This feature is currently in beta.
After you create your set of SLIs and SLOs, New Relic will start generating SLI data. The first results will take a few minutes to appear in the New Relic One UI. Find service levels:
- At the top nav bar, under Service Levels in the More menu (which you can customize). Here you can filter the SLIs by entity tags.
- At the previews of those entities that have an SLI defined. You can find them all around the UI. For instance, click on an entity from the Explorer's Navigator view.
- In APM services, at the reports section.
- In any workload that contains the SLI entity, such as an APM service or browser application. If you want to group SLIs under a certain workload, make sure to add the APM service or browser app to an existing workload, or create a new one.
Click on any SLI to open the SLI card, which contains:
- The entity the SLI refers to, and the SLI name.
- Each row represents an SLO with:
- Target and time window.
- Compliance in the SLO period.
- Remaining requests error budget.
Request-based SLOs are determined from SLIs defined as the ratio of the number of good responses to the total number of requests. This means a request-based SLO is met when that ratio meets or exceeds the goal for the SLO compliance period.
- If the SLO row has a green background, you’re doing good for the period. You may have not served successfully 100% of the requests, but you still have some remaining error budget to consume.
- If the SLO row has a yellow background, your error budget is closer to being totally consumed, and you should be more cautious for the rest of the period.
- If the SLO row has a red background, you’ve not reached the target SLO in this period, and you’ve consumed all of your error budget. Be careful if you need to deploy, and plan some work to improve your SLIs. You can click on the SLO to see more data about the entity, such as the golden metrics, the latest deployments, anomalies, and ongoing issues. This data can help you understand when and why you missed the SLO targets.
You can define more than one SLO for the same SLI to check how fast you’re consuming the error budget.

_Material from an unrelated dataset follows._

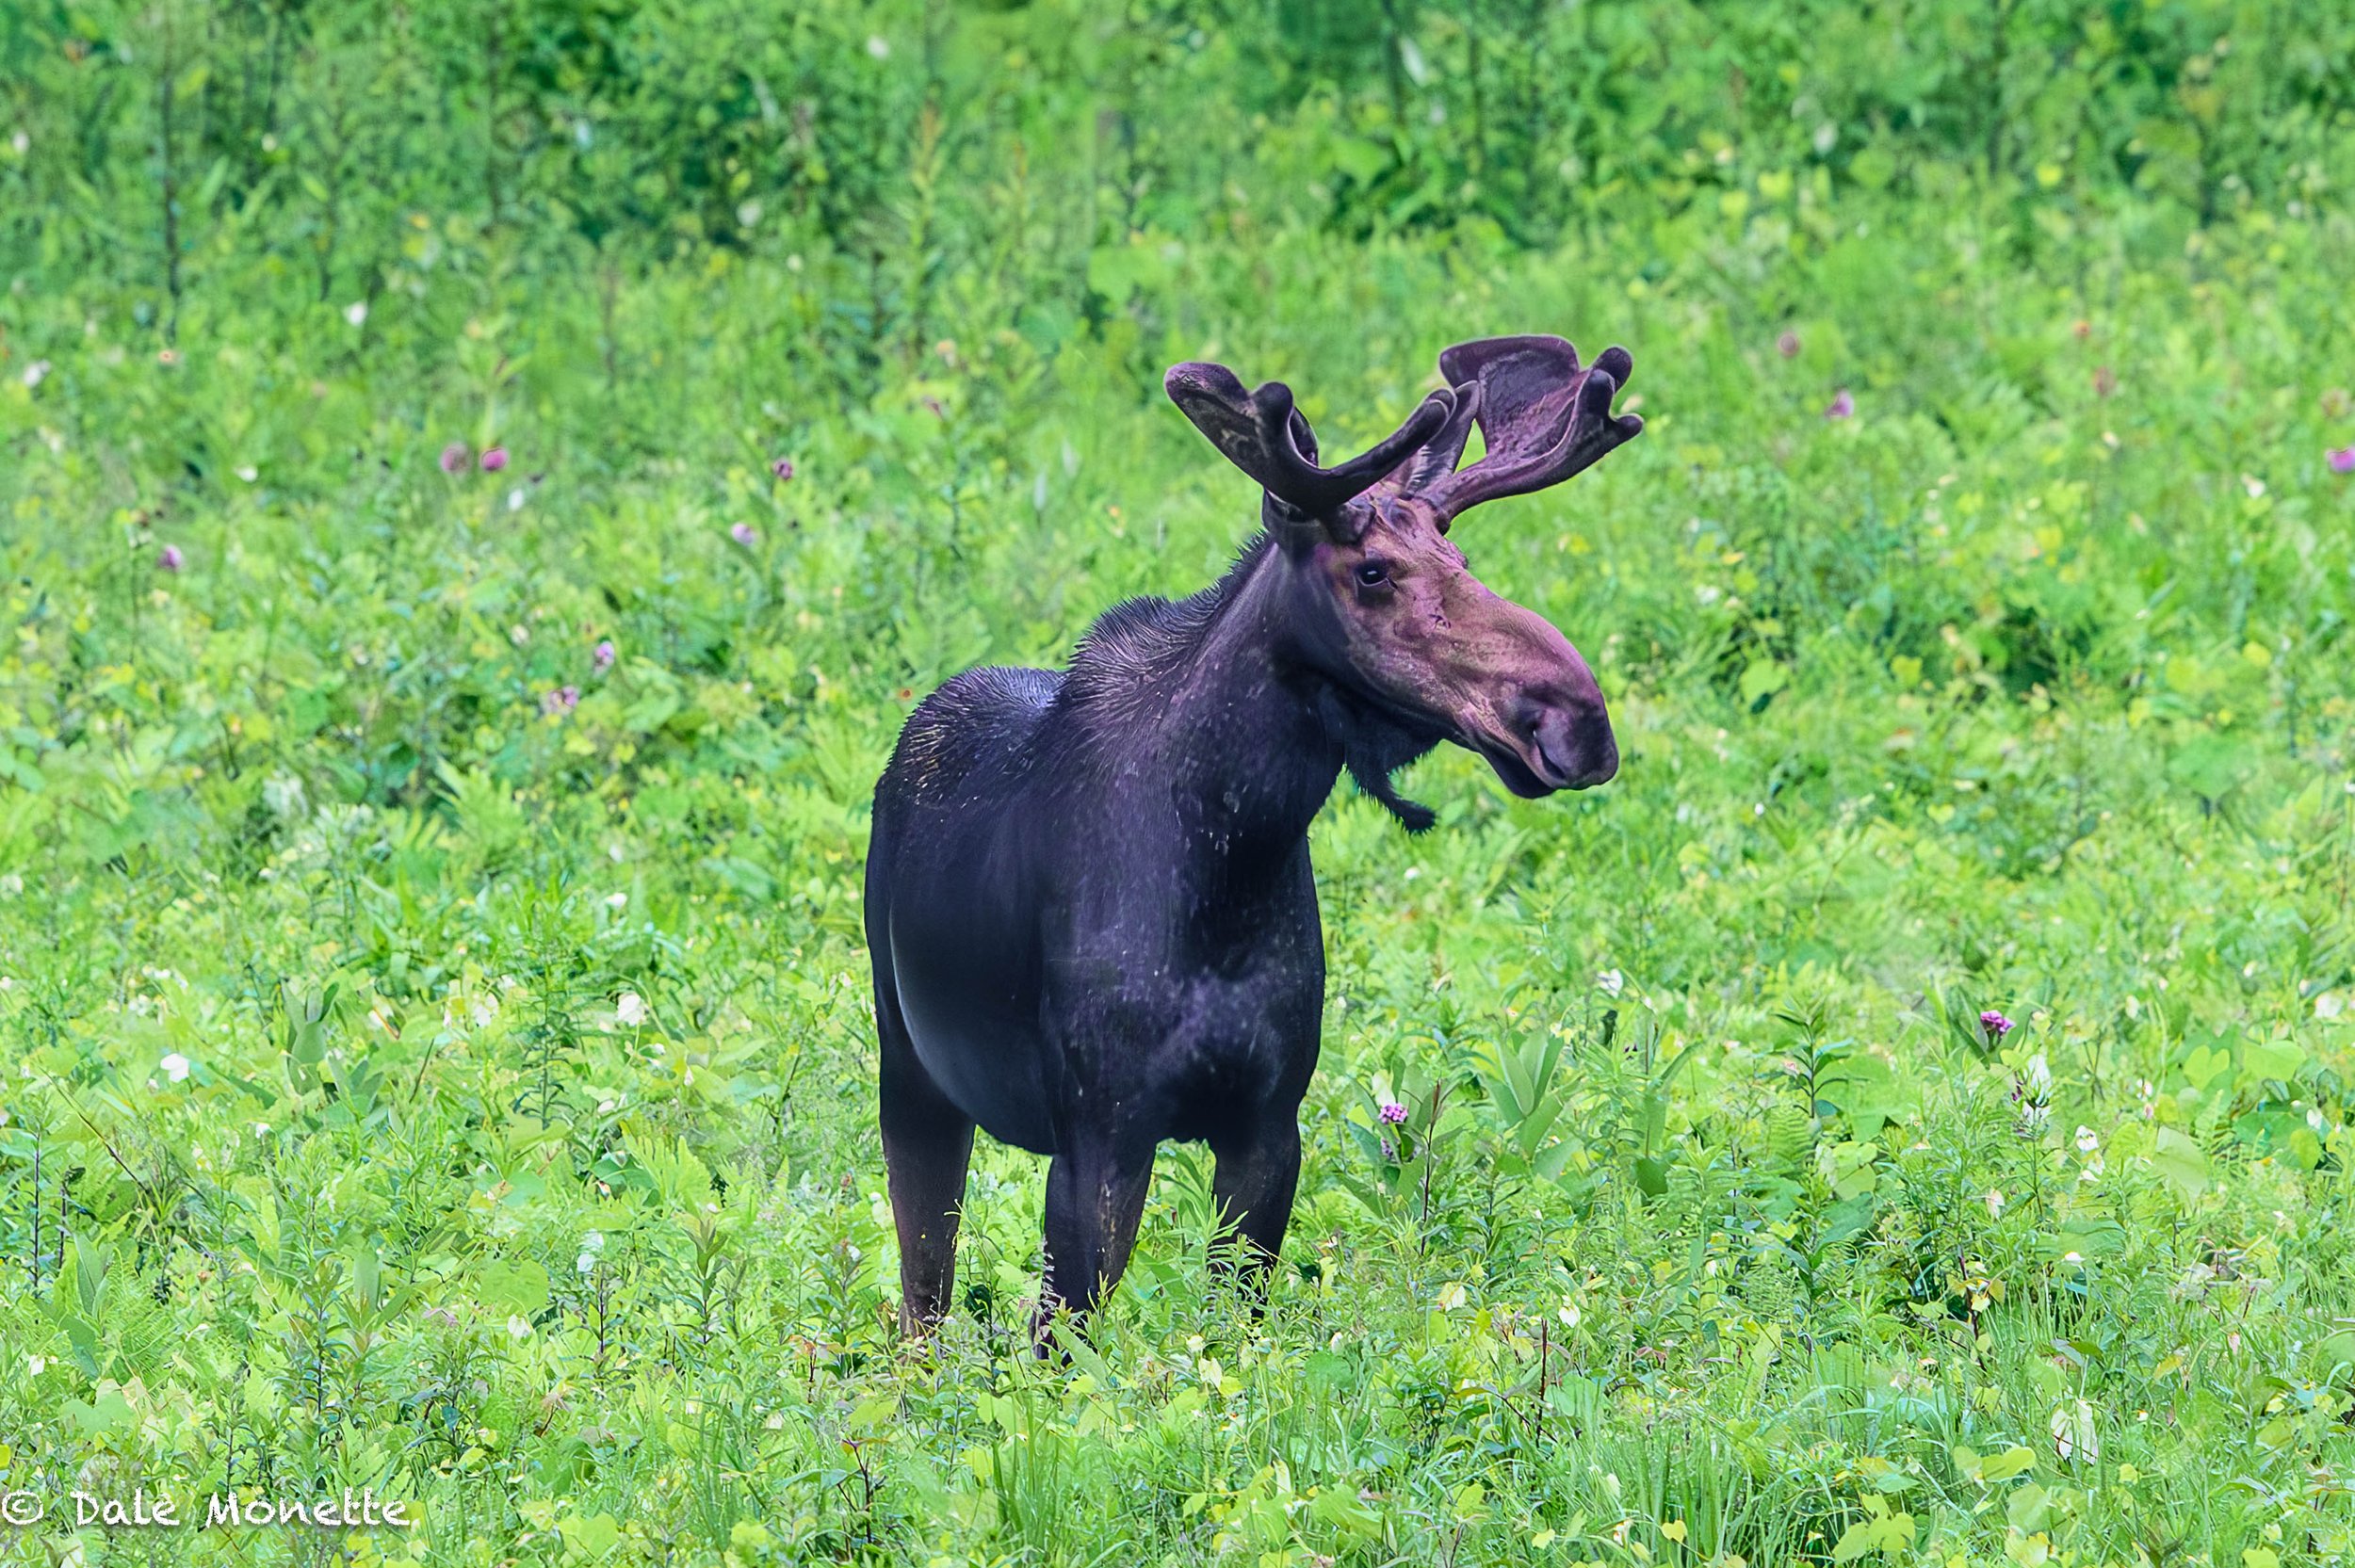   A July 4th bull moose out standing in his field!

For instance, if you have an error budget of 0,1% requests for a whole week, you may not want to consume most of it in a single day, or the SLO will be at risk for the rest of the week.

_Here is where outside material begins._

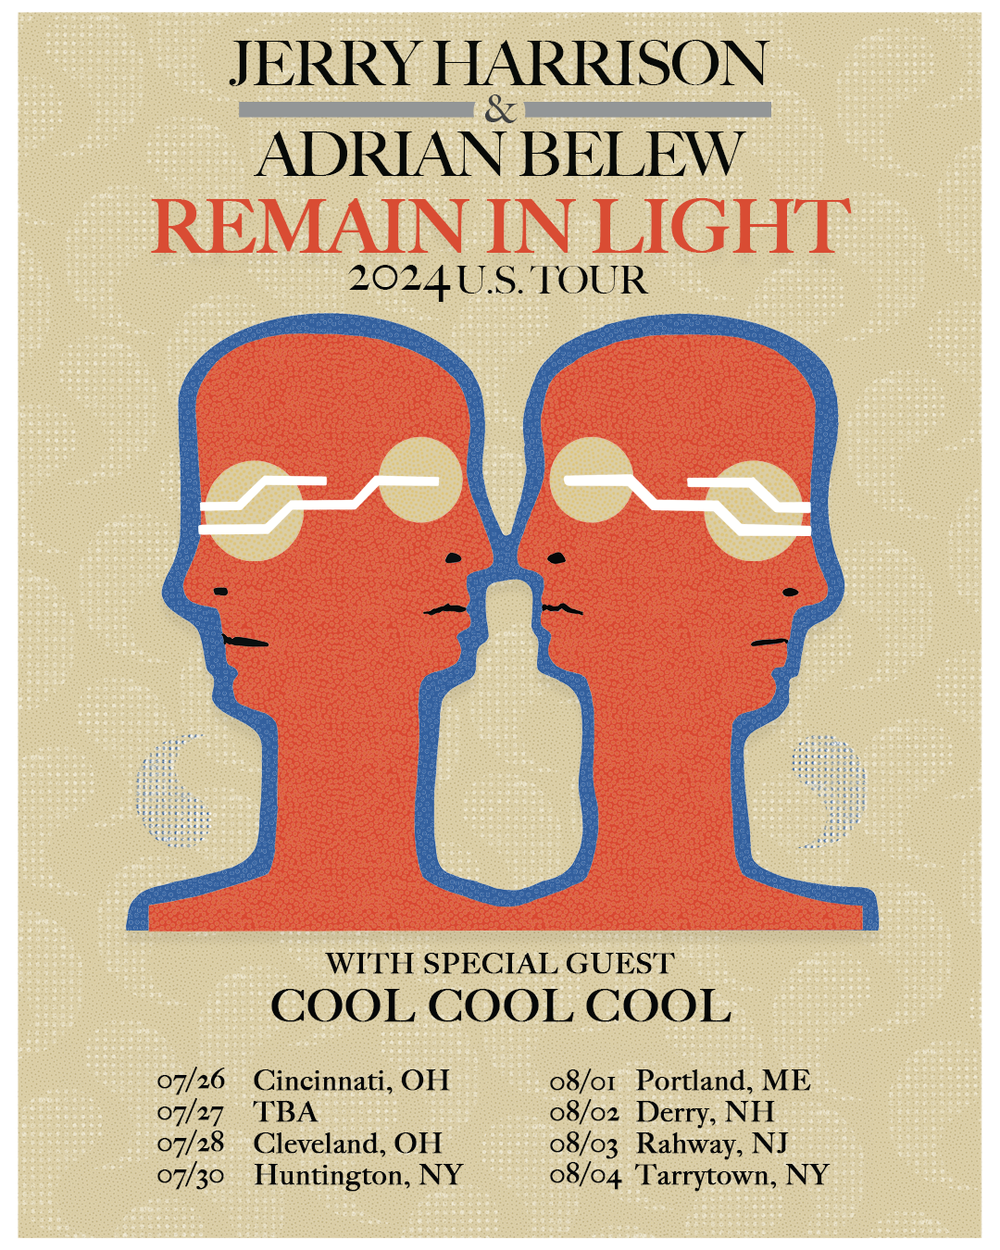 Cool Cool Cool - Remain In Light 2023 U.S. Tour

We provide SLI details for two main purposes:
- For SLO analysis: See in which time ranges the SLO targets were missed.
- For SLI/SLO configuration and fine tuning: Learn how New Relic calculated SLO values.
The SLI card contains the following charts:
These are the key concepts to analyze service levels:
- A valid request is any request that you want to count as meaningful for your SLIs.
- A good response is any response that you consider to provide a good experience (for example, the service responded in less than 2 seconds, providing a good navigation experience for the end user).
- A bad response is any response that you consider to provide a bad experience (like the service responded with a server error, interrupting the user's flow).
This chart shows the total number of valid requests that your service received, broken down by good or bad.
This chart shows the actual throughput of your service, which you can use to see if there’s any correlation between the increase of throughput and bad responses.
It's the proportion of what you consider good responses over time. The line should stay close to 100%, meaning that most requests were served successfully.
It's the ratio of good events (responses) to total events (requests), measured over the SLO compliance period. The closer to 100%, the closer your service is to meet the SLO target over the period. When this percentage goes below the SLO target, the chart will turn red: You need to put more effort in reliability.
The error budget is an alternative way to read the SLO. It indicates what percentage of requests could still have a bad response over the SLO period, without compromising the objective.
As the total amount of tolerated bad responses will vary with the request throughput, New Relic shows the percentage of remaining error budget:
- As long as the remaining error budget is above 25%, you'll see green, and your SLO is good.
- When the error budget goes below 25%, it will turn yellow. This means you’re close to burning the whole budget for the period. You may want to be more careful with new deployments and changes, and plan for some reliability work.
- Once the error budget is completely spent, it will show in red.
The last chart shows two time series: the (SLI attainment over time)[#sli-over-time], and the SLO target. When the SLI value is below the SLO target,your service is missing the SLO. Use this chart to learn in which time ranges your service missed the SLO target.
When an SLO is not compliant, you need to analyze the original data to better understand what the impact is for your customer, with a special focus on what went wrong.
At the Service Levels page, click the ... menu in any SLI and select Analyze. You'll access the query that represents the original NRDB events used to determine the bad responses which calculate the SLI attainment. You can then use the query builder to facet and filter down the unsuccessful responses by user account, client id, requesting source, etc. to better understand the cause and impact of missing your SLIs.